Saturday, October 3, 2009

Rättvik, Sweden, Part 3; 21-28 September, 2009

In my last entry from my month in Rättvik, I shall deal with a few scraps. During this time, I was able to make some progress on my various writing projects, but most significantly, I began to become an amateur mycologist.

Mycology Made Easy

Dangerously armed with the little knowledge I gleaned from Ylva and Göran, I began to scour the local hills for mushrooms. Thanks to meticulous attention to sensory detail, and careful deductive reasoning, I am able to impart to you the best and safest methods of mushroom identification. This first method is called “chomp-and-wait” and involves uprooting any suspect mushroom, making sure to get as much of the fleshy foot as possible, using your trusty mycologist’s brush to clean off any nasty debris, and then taking a massive bite.

Here I am, having a taste of the fly agaric, the mushroom supposedly eaten by Vikings to inspire their berserker sprees… At this point in your process of enquiry, ponder your situation. Are you feeling faint, vomiting, feeling the need to sack and pillage and/or bepelt yourself in bear?

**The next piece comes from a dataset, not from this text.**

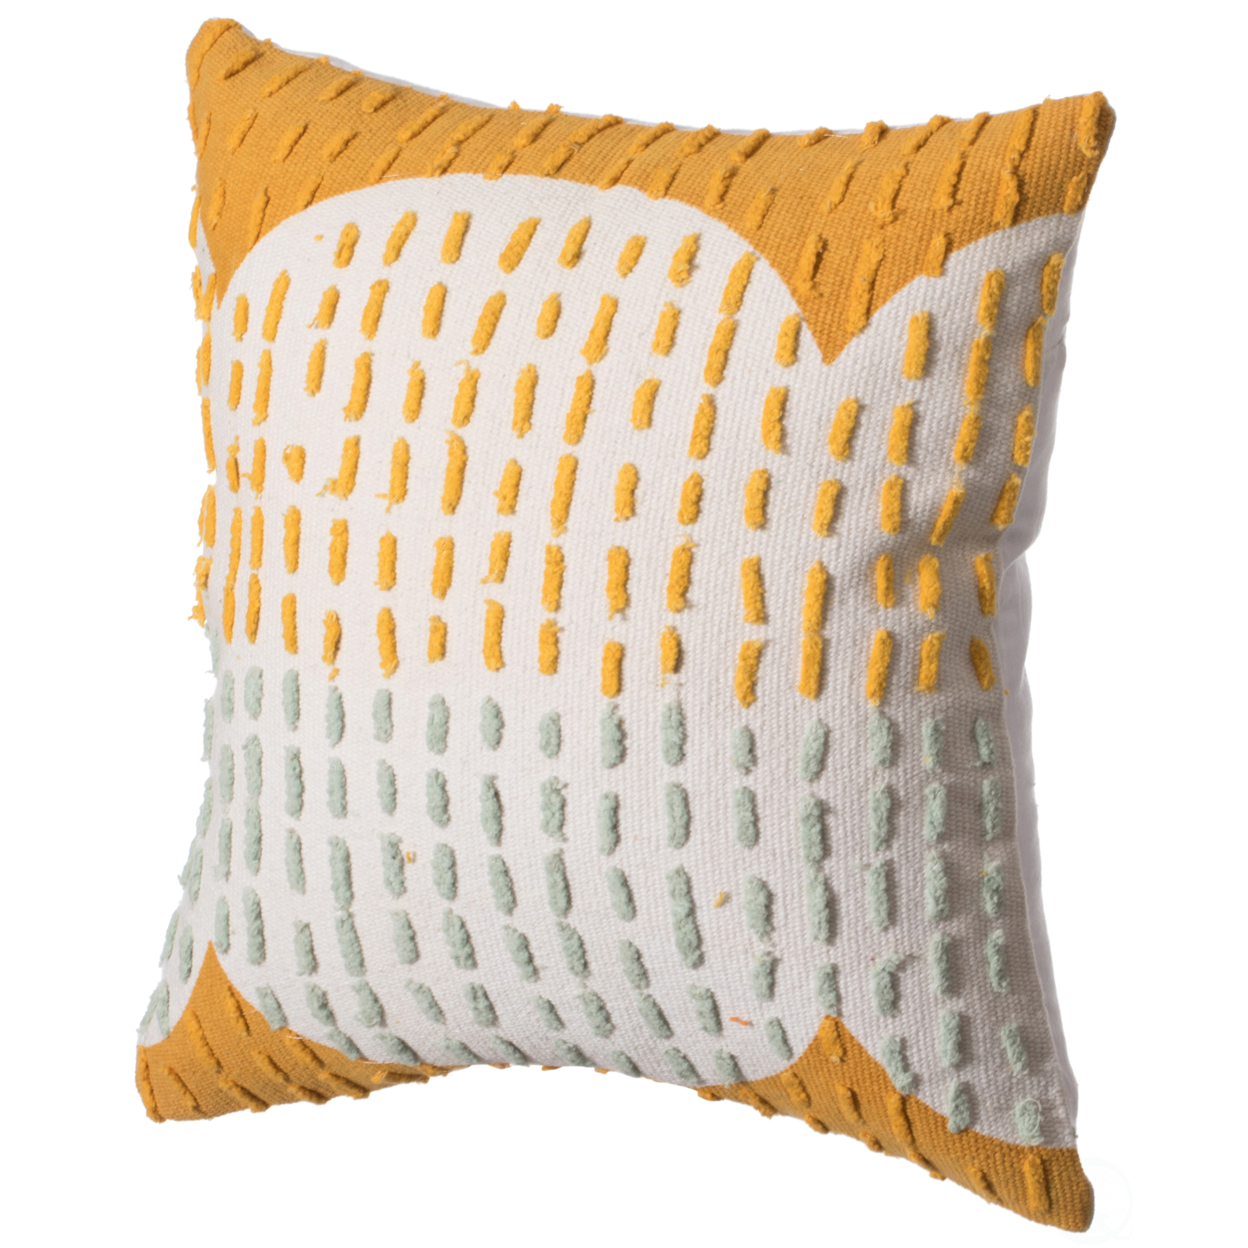 16" Handwoven Cotton Throw Pillow Cover with Ribbed Line Dots and Wave Border - mustard with cushion

Can you actively feel your kidneys being eaten from the inside? These are generally bad signs and tell you that you should move on to other mushrooms. I actually found one of these “bad signs” near a trail.

The most failsafe method, however, is, as with quality cleaning products, to look at the label. Here, I demonstrate the inky cap (Coprinus Cominus) mushroom, also known as the lawyer’s wig. As you can see below, it earns its name, and it doesn’t take long to know that this one is A-Okay!

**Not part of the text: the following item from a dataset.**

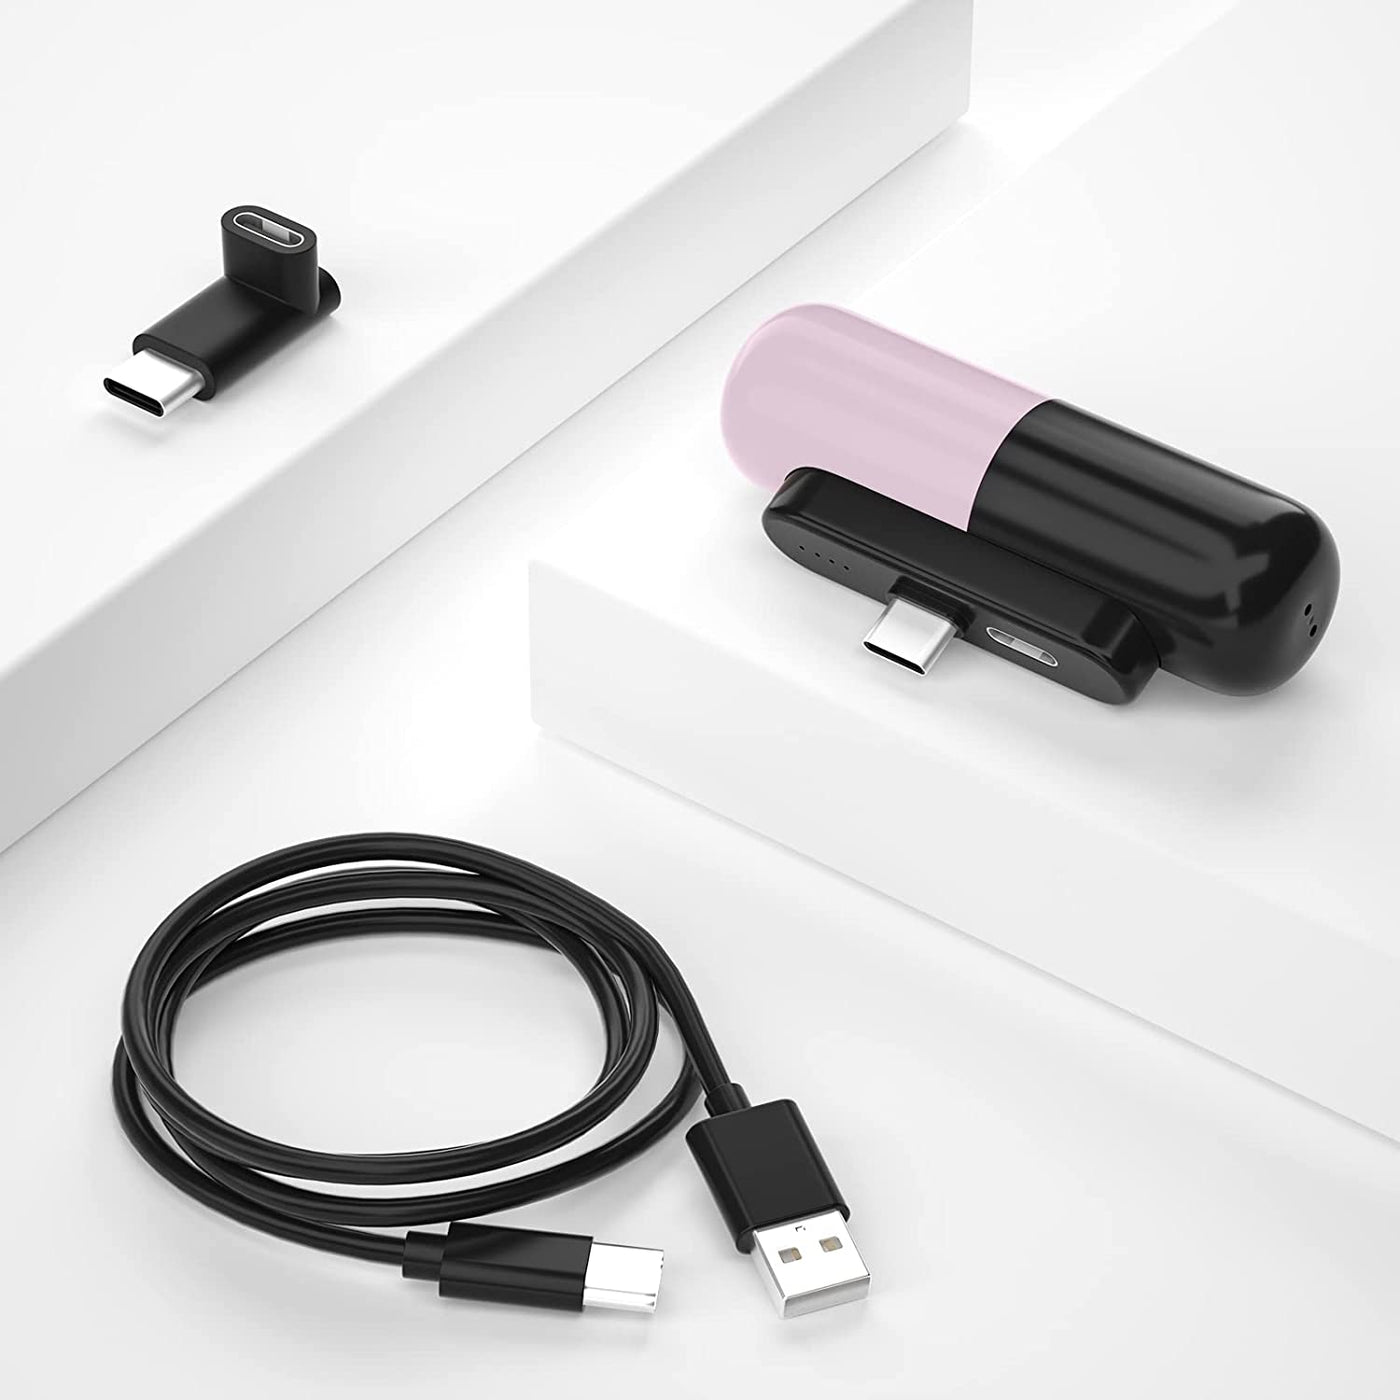 Mini Portable Charger for Android Phones

Follow the advice of Alice in Wonderland and Weird Al Yankovic, and just eat it. Here, you can see my mushroom harvest from one of my trips.

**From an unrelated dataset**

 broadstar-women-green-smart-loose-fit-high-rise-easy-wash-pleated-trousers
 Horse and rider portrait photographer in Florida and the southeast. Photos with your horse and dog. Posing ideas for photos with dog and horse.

I also found one last bit of graffiti for the file: this, so simple, so friendly, on the main strip of Rättvik:

The Ladies

During one of my hikes out to the Bysjön, a lake not too far from my stugby, I came across these signs along the trail.

Finally, I would achieve my secret goal in going to Sweden: to find the mythical Swedish Ladypath, which would of course lead me to the mythical Swedish Ladies. Sure, we hear the tales, whispered over campfires when we are young; we joke about it in the locker room, belying our burning adolescent hopes; everyone learns in their History classes of Svenrige the Unwieldy, who withdrew Sweden from the Union of Kalamari with Denmark and Norway during the Great Squid Famine of 1523, to conserve his resources and and yet maintain the official policy that stands to this day, the right of all Swedes to roam the countryside freely, to camp wherever one is not being offensive, and on any land that is not farmland or someone’s garden, to pick berries, mushrooms, wildflowers, and mythical Ladies.

Well, after so much anticipation, I had stumbled across the mythical Ladypath. I followed the signs (while adjusting my coiffure) saw some footprints showing evidence of recent activity, checked the fewmets—nice and fresh—and knew the Ladies couldn’t be too far off. In and out through the winding paths, bouncing from spongy moss to spongy moss, over the liver and through the goods, I followed the signs…but all to no avail (I found out later from Göran that the occasional snickering I heard was probably the mythical deadly hooded snickering Swedish mushroom, not, apparently, a close relation to the mythical Ladies). Perhaps the stories I had heard were just that: stories, invented to placate itchy young men.

[note: later, the Sundmarks enlightened me as to the meaning of these signs. Apparently, this is the symbol for a mine, though why it is identical to the female sign was beyond our ken. Anyone? Anyone?]
[note #2: still later, I heard from Björn, who told me that the symbol was specifically for copper, and it is associated with Venus]

On 28 September, after a month in Rättvik, I had to say goodbye to my cottage, my mushrooms and lingonberries... On to Malmö for my last lecture!